In a Sept. 2009 incident in Henan province, a woman ran away from a hospital where family planning officials were carrying out pregnancy checks. She was caught on a crowded street and taken back to the hospital for a forced sterilization.

In Jiangxi province, family planning officials reportedly demolished a villager’s home in May 2009 because one of his sons had violated regulations by not providing officials with a certificate showing that his wife had an intrauterine device (IUD) checkup. Police took no action in response to complaints by the man whose home was destroyed, and lawyers advised him it would be prohibitively expensive to sue those responsible.

In Hunan province in March 2008, family planning officials arrived at a house to collect a “social compensation fee” – a euphemism for the punitive fines levied on policy violators – and scuffled with the inhabitants. The officials hit the father of the out-of-plan child, 32-year-old Xin Liu, over the head with a bottle, assaulted his brother-in-law and kicked his septuagenarian mother in the abdomen.

After hospitalization, “Xin Liu suffers from permanent disability,” said the report, with includes grisly photos showing the victim’s bloodied face after the assault.

In a county in Fujian province, according to another submission, any pregnant woman found not to be in possession of a certificate permitting her to give birth is taken to hospital for an abortion. Family members are then made to pay large fines, on pain of detention in overcrowded cells.

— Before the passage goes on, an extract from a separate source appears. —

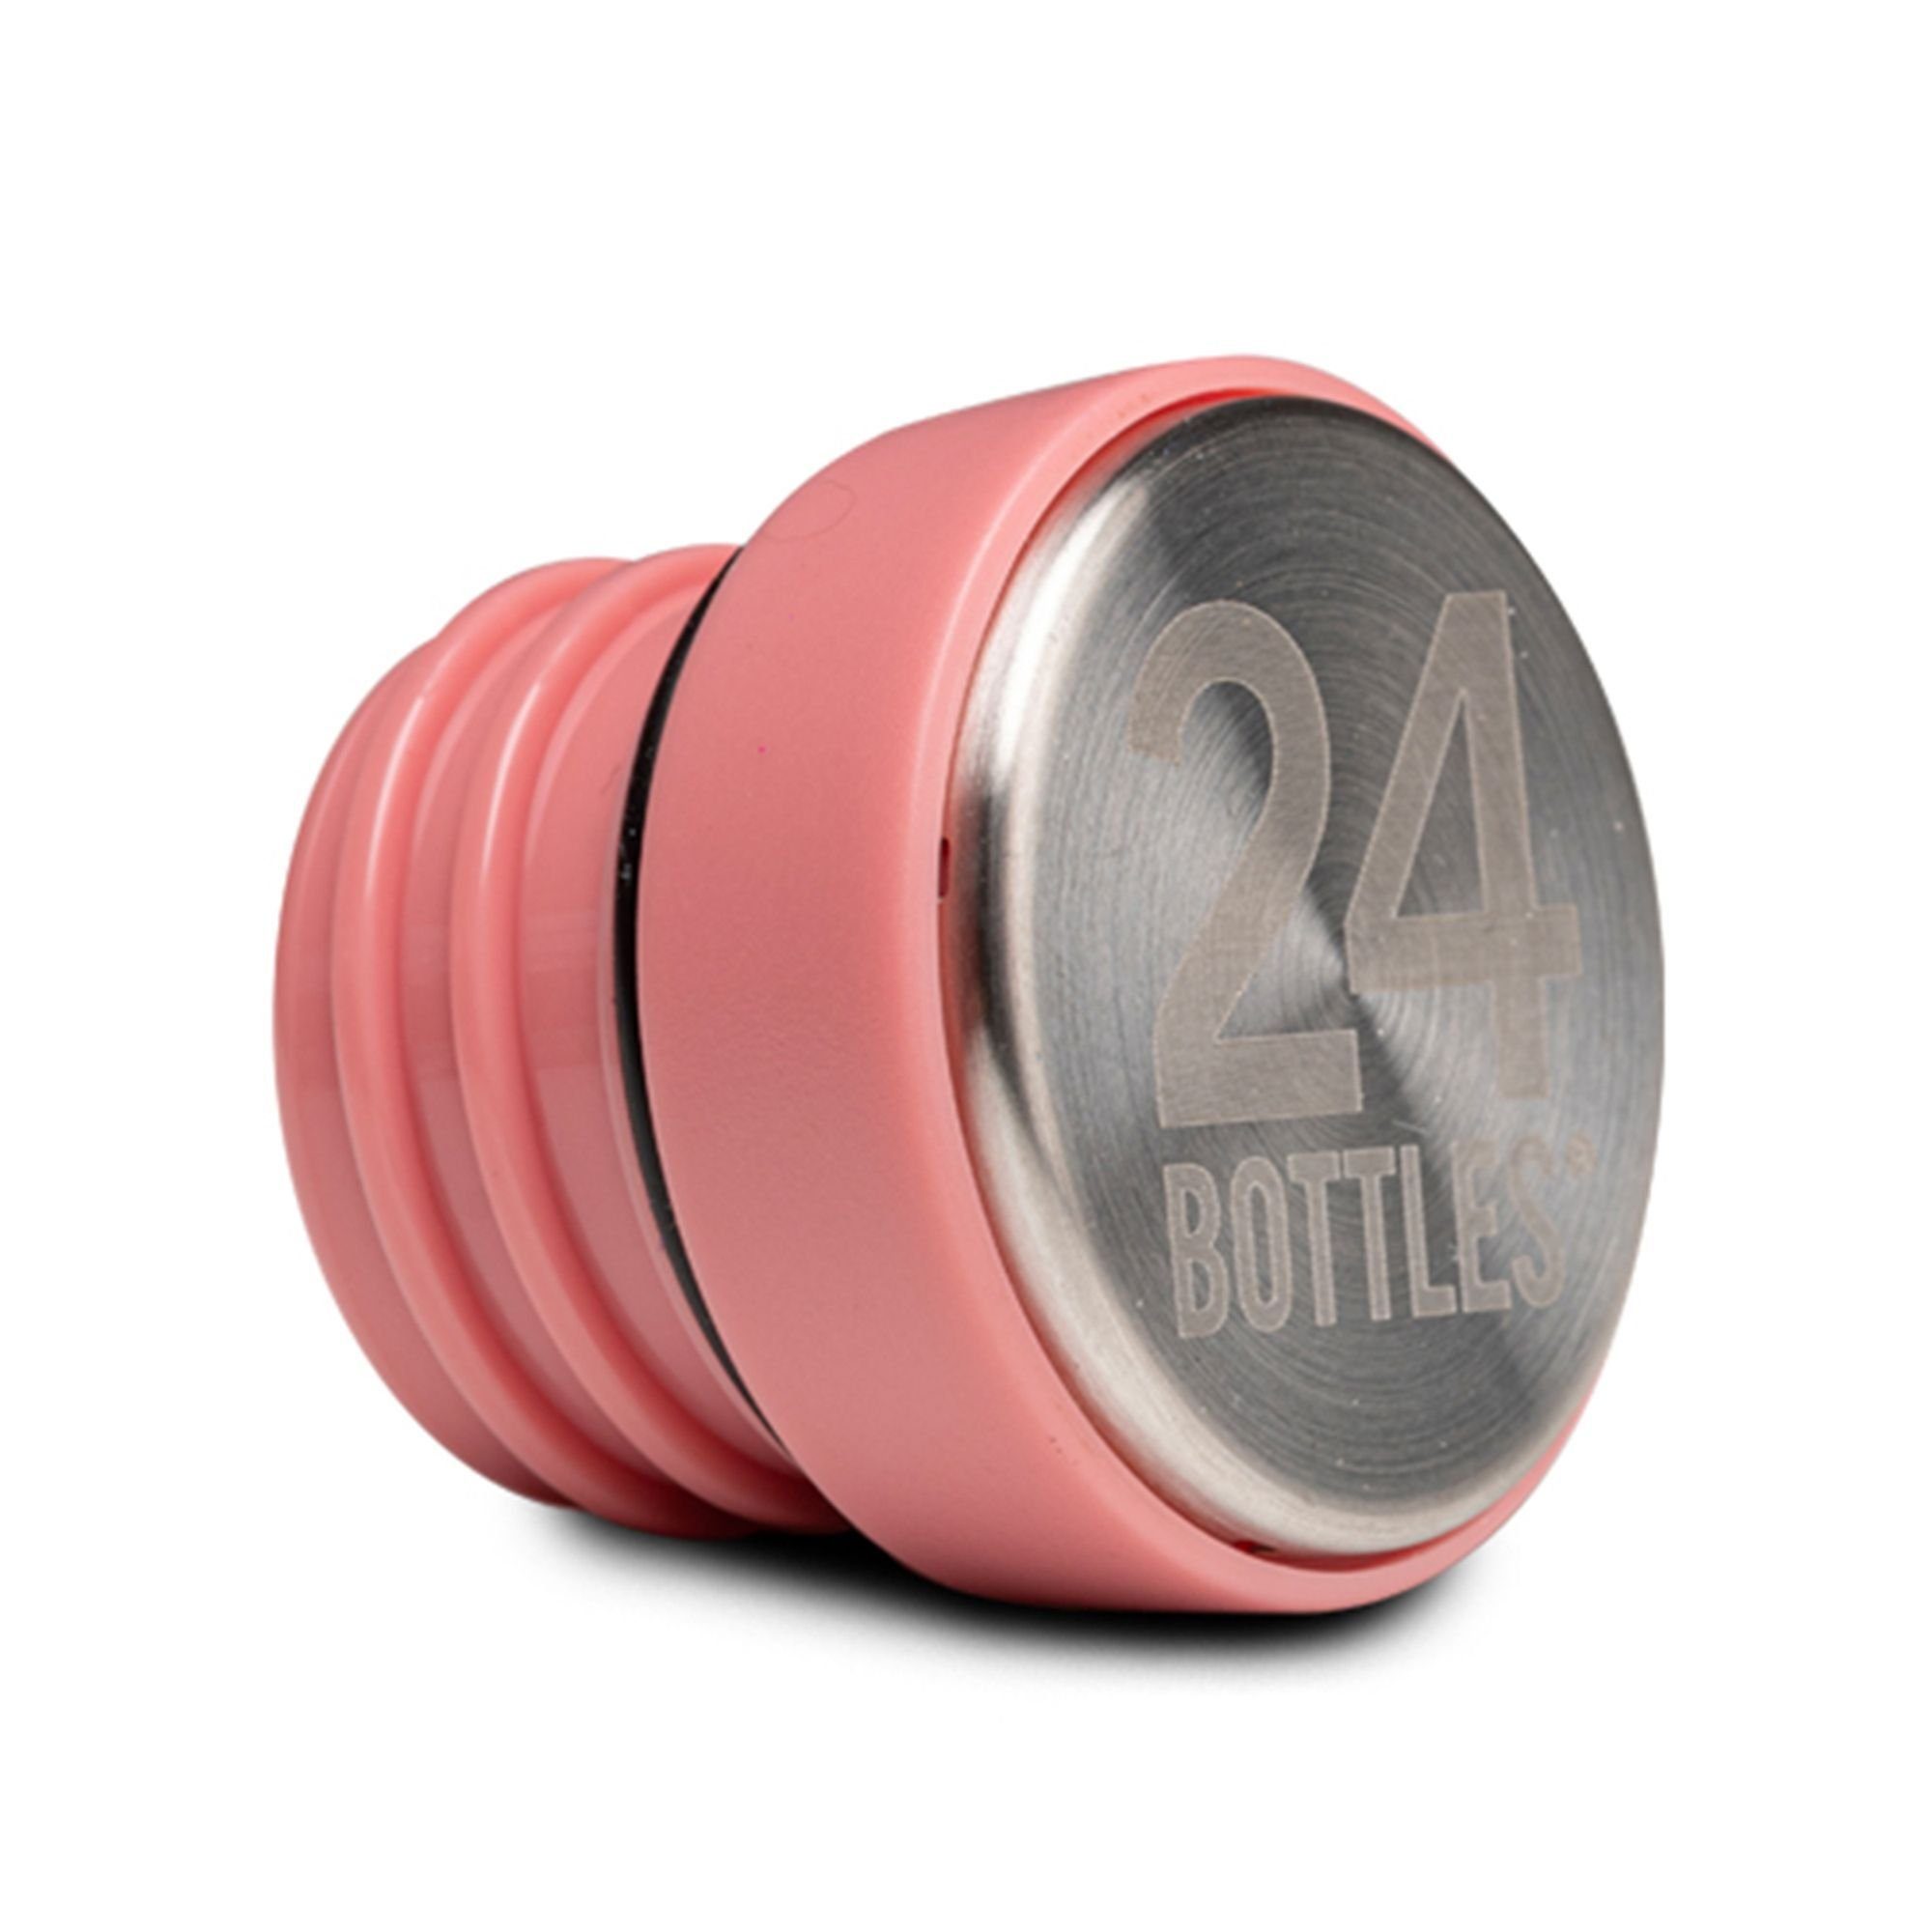 24 Bottles Trinkflasche Accessoires light pink

A woman in Fujian province was forced to undergo an abortion of her eight and a half month-old twins in December 2007, held down by ten officials and injected with ethacridine lactate, an abortion agent.

“The twin babies struggled for a long time in their mother’s uterus and died in the end,” according to a journalist who interviewed the victim. “Until half past nine in the evening of December 14, she was still waiting to induce the dead babies.”

‘Cruelty’

Shenyue Zhang, a 50 year-old farmer, was detained by family planning officials in Jiangsu province in Oct. 2006 over his daughter-in-law’s failure to have a pregnancy check on time. He died after begin assaulted in the local family planning office. The official version was that he hanged himself.

The report also cites notices on official Web sites, including one from Ganzhe district, Fujian province in May 2007, reporting that the district’s quota of forced abortions – 52 – had been met one month ahead of schedule.

In each of the documented incidents those accused of the violations – mostly family planning officials – are identified by name.

“We have chosen to release the names of the perpetrators of these crimes against humanity, so that they can be held accountable before the world,” Littlejohn told CNSNews.com on Wednesday. “The violence must stop.”

The dossier concludes with a personal statement by the person who compiled the information, a 33 year-old Chinese man who requested anonymity.

“I do not do this for personal gain,” he said. “All I want to do is to urge the power of justice to stop the massacre of the most innocent life in the world.”

“My actions have also been motivated by a deep personal loss,” the man continued. “Because of my lack of caution, my wife became pregnant for a second time. My second child was forcibly aborted because of the Population and Family Planning Policy.

“I truly underestimated the cruelty of this policy. But, as the father of the child, I did not fulfill my responsibility,” the man said. “I was unable to protect him.”